Театр без вранья
Шрифт:
В кино мы впервые открыли для себя шокирующую нас истину: при некоторых особых условиях дилетант может быть выразительнее профессионала. Потом проверили на сцене — действительно может! На репетициях пьесы Арбузова «Жестокие игры» я стал выкрикивать из зала: «Так дилетант не поступит! Так дилетант не скажет! Так дилетант не задумается! У дилетанта так голос не зазвучит! Так может разговаривать только артист!» Интересно (и я об этом уже писал), что голосовые связки, скажем, у продавщицы в гастрономе вибрируют иначе, чем у актрисы, играющей продавщицу.
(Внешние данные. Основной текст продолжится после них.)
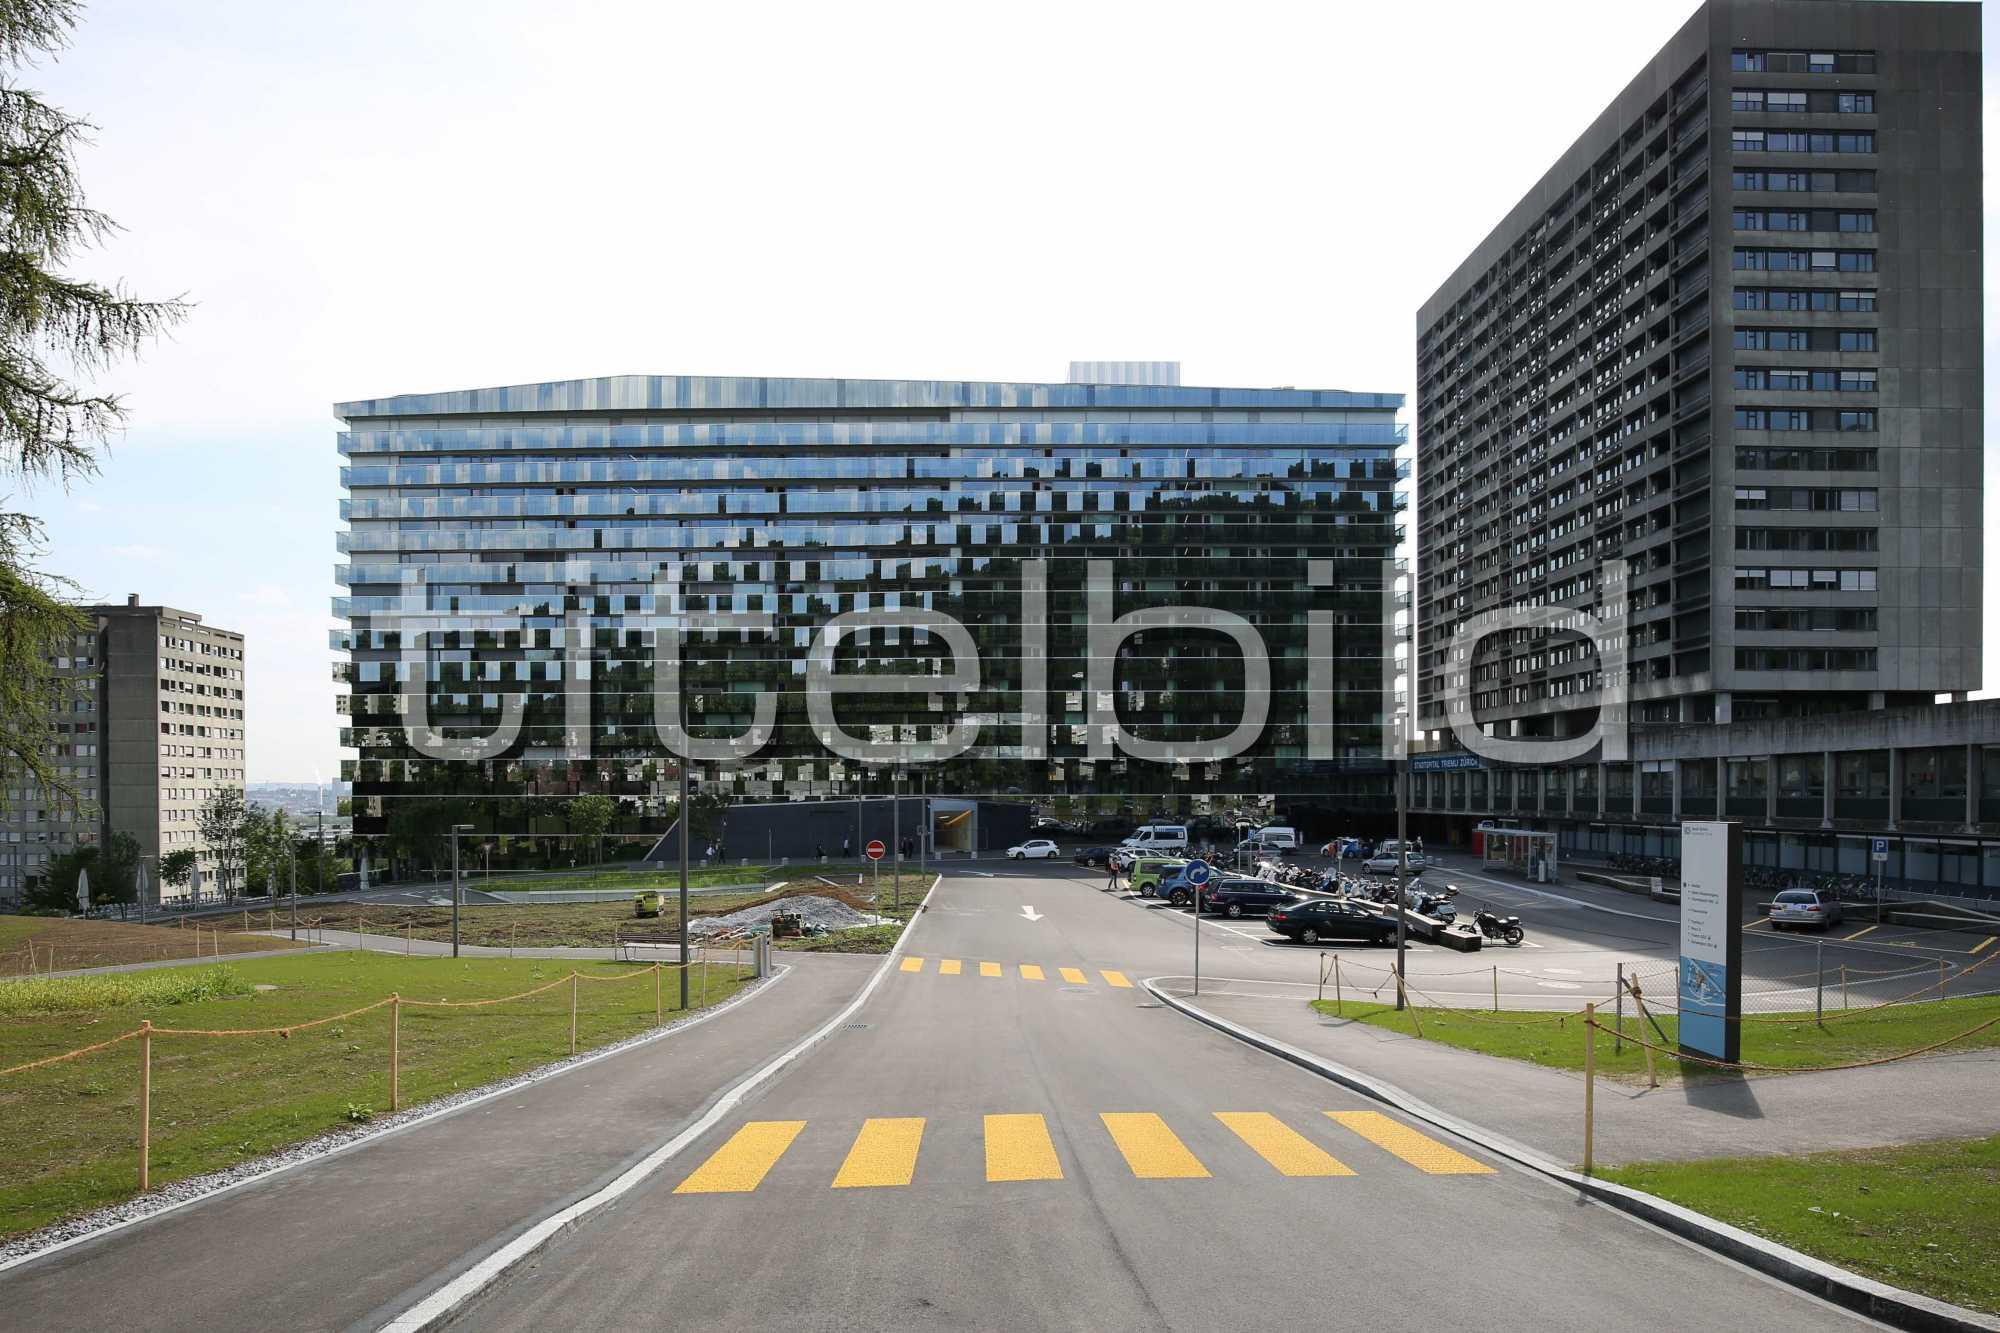 Projektbild-Nr. 2: Bettenhaus Triemli-Spital

Полностью воссоздать облик того же торгового работника — один к одному — может либо совсем молодая актриса, которая еще не обрела прочных сценических штампов, не утеряла нитей, связывающих ее с нетеатральной жизнью, либо редкий по своему таланту и актерскому слуху зрелый мастер экстракласса. Но это отчасти из области мечтаний.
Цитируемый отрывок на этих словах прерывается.